I thought it would be worthwhile drawing attention to a blog entry relating to the recent student protests in the UK by a senior journalist in a mainstream news outlet in order to highlight prevailing media attitudes towards protest and, in particular, civil disobedience. It’s important to make a distinction here, as the right to protest, while perhaps not the importance or effectiveness of it, is generally supported by the mainstream press. ‘Protest’ in this approved sense could be characterised quite simply as the congregation of a large group of people, meeting at a designated location, followed by a procession down a designated route, with a number of speeches at the end point and then quiet dispersal homeward. Anything that deviates from this formula is not typically welcomed in the press.

Civil disobedience on the other hand involves protesters not only voicing their opposition, opinions, etc, but voicing them in a manner they see fit (it is therefore unlikely to be collectively agreed), not that prescribed by or mediated with the coercive powers of the state. This type of protest is therefore much more likely to be dominated by police physical enforcement, as well as more indirect methods, such as intimidation, whereby, for example, photographs and video footage of protesters are recorded to discourage attendance.

Anyway, the blog entry in question was posted by Channel 4 News correspondent Alex Thomson, who, it appears, posted the entry live from the scene of the last major demonstration on Thursday last week (9/12/10). Thomson has been covering the ongoing protests for some weeks now and has been on the ground with protesters and police on more than one occasion.

In this report Thomson begins:

“My earlier predictions that today’s protest would absolutely lead to violence on a wider scale then we have seen have, it seems, been entirely borne out by events. We witnessed a police officer knocked to the ground and injured before the protest had moved a mile from London University early this afternoon.”

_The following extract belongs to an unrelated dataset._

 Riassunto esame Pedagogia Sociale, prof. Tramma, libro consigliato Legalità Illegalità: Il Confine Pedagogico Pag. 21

Thomson is clearly not talking about police violence when he says “today’s protest would absolutely lead to violence on a wider scale“. Despite what we know now about the level of violence perpetrated by the police, a fact that went mostly unreported and presumably unseen by reporters on the day of the protest. Thomson writes “We witnessed a police officer knocked to the ground and injured“, reaffirming, presumably, either that the media had broadcast images or had shown footage of a police officer knocked to the ground or that Thomson and his colleagues had seen the officer struck. Either way, he is attempting to draw an affinity with the reader and the victim of violence, seeking empathy for the injured policeman. At this stage, we might also presume at least one protester had been struck or injured, but Thomson chooses not to mention that possibility.

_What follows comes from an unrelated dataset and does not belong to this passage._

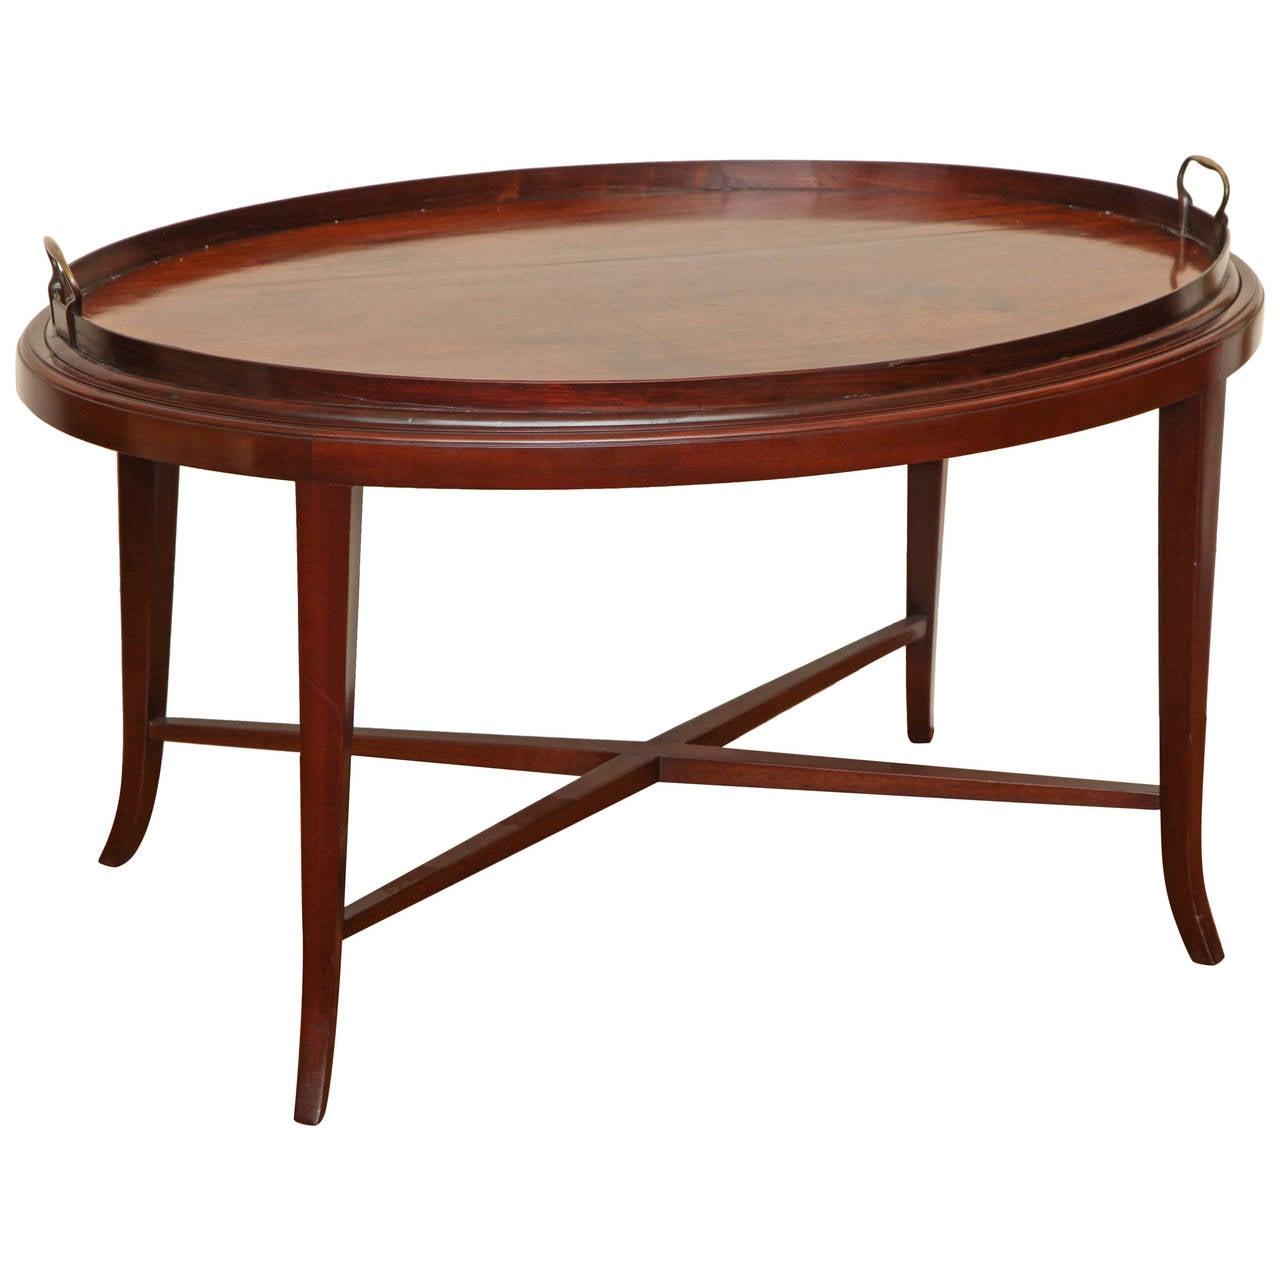 english edwardian oval mahogany tray table at stdibs - english edwardian oval mahogany tray table

“From the outset the mood today was different. Radically different. There were scores turning up already masked up and the mood was louder, angrier, than before. There were hundreds here who were plainly out for a ruck with the police and they were going to have it wherever the police decided.”

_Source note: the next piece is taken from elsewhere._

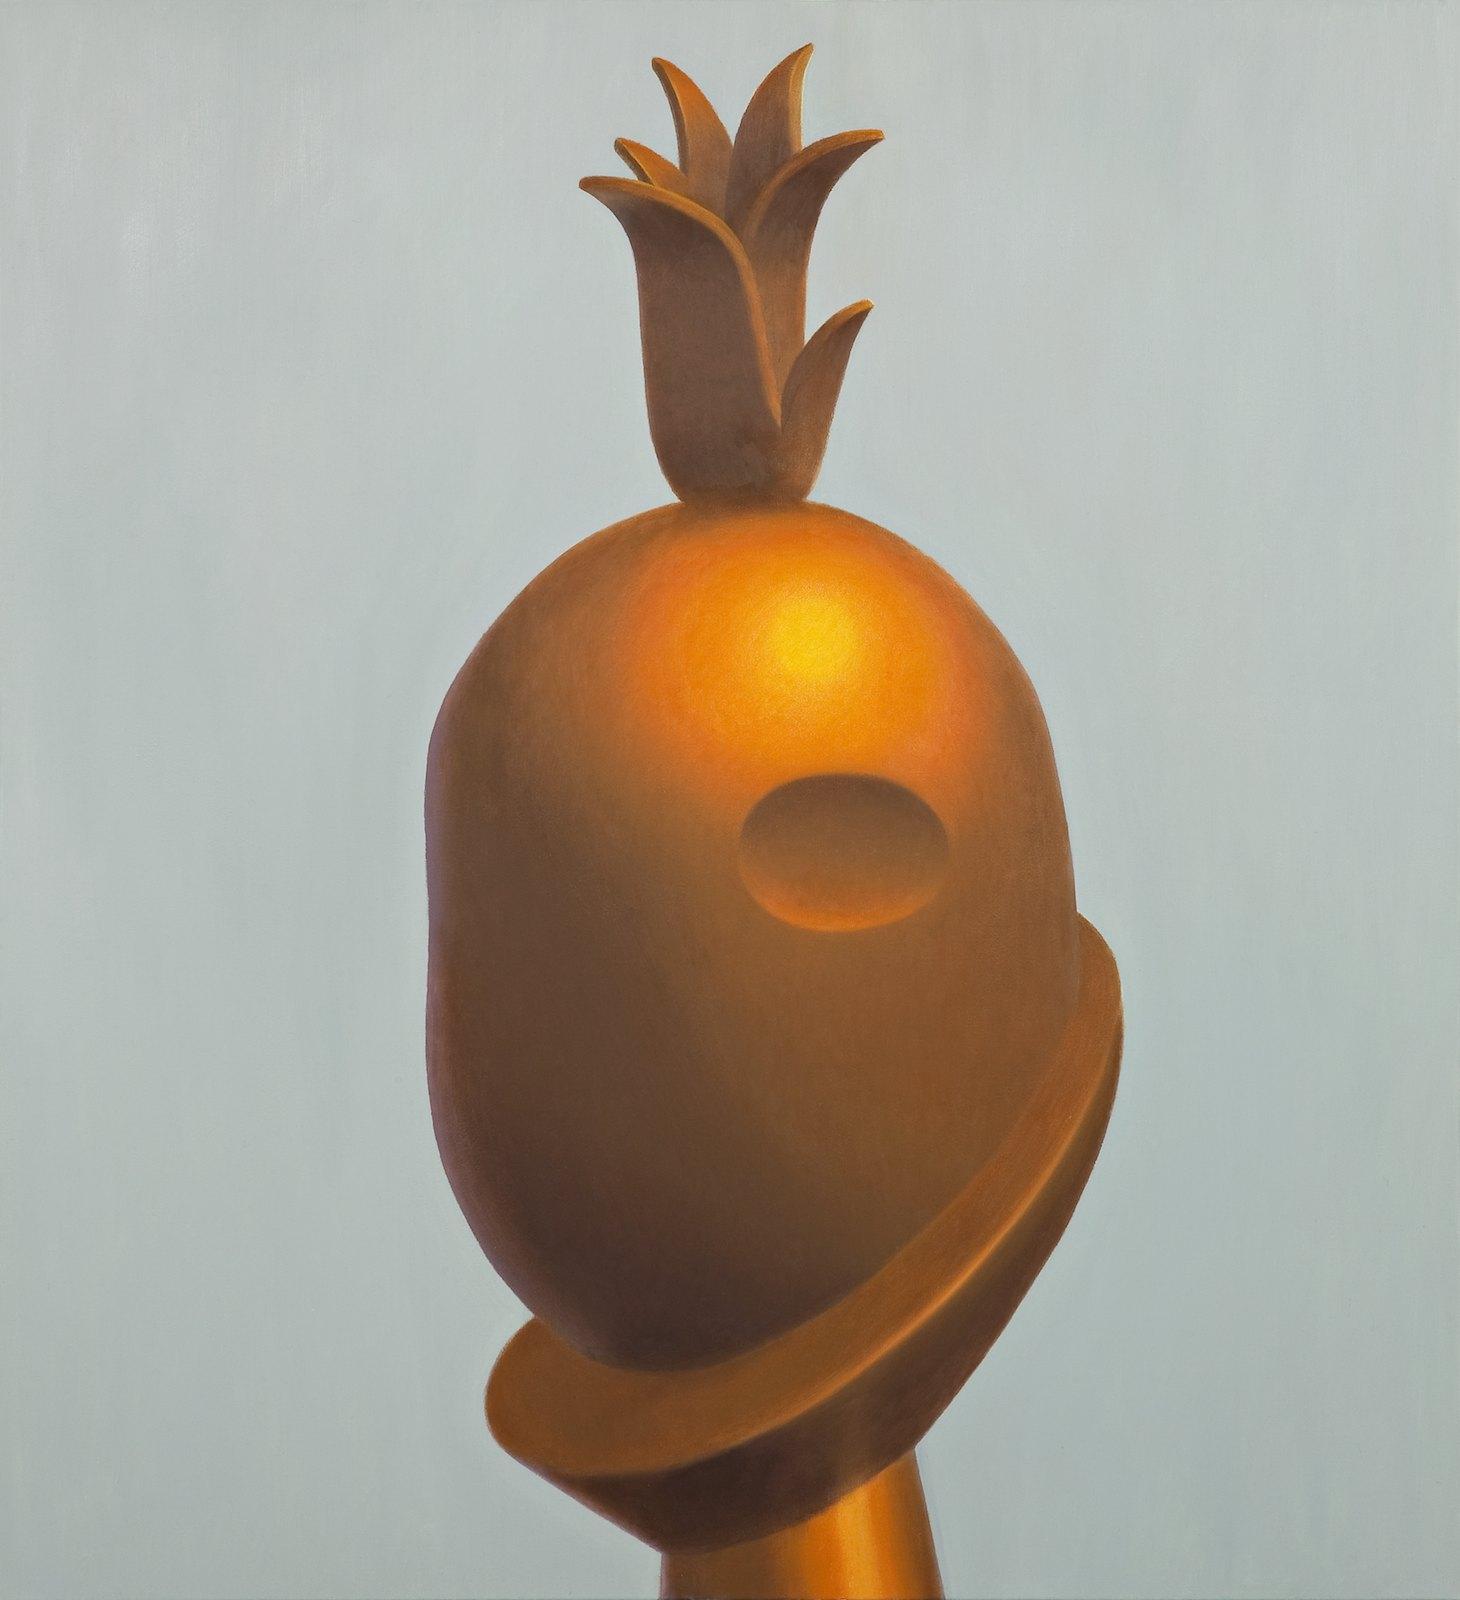 Bhagdad, 2009, oil on canvas, 175 x 160 cm

Here Thomson evokes a picture of protesters as a wild, unpredictable gang moving in packs. Speaking very generally about all protesters, he says, the mood (which he reveals later in the piece he derived from what he overheard or saw, in fact there is no reference to actual interaction with protesters in any of his blog entries) was “[r]adically different” and protesters were “masked up” as opposed to wearing scarves etc. Thomson is adamant this indicated protesters were “plainly out for a ruck“. This use of language, masked up* and out for a ruck sounds slightly like that which might be used in gang discourse, with Thomson, in one sense, identifying the perceived source of the potential violence, and in another, identifying himself with an opposing side, the police. This closely chimes with the type of identification typical of correspondents embedded with the military in war zones.

These observations, paired with an earlier account that “speakers [had] invited protesters to “bring down the government” and ” bring this country to a halt”“, suggested only one thing to Thomson, the protesters were intent on violence. On the other hand, statements by the police prior to the march that they would implement kettling tactics etc were not, as far as he was concerned, deemed provocations.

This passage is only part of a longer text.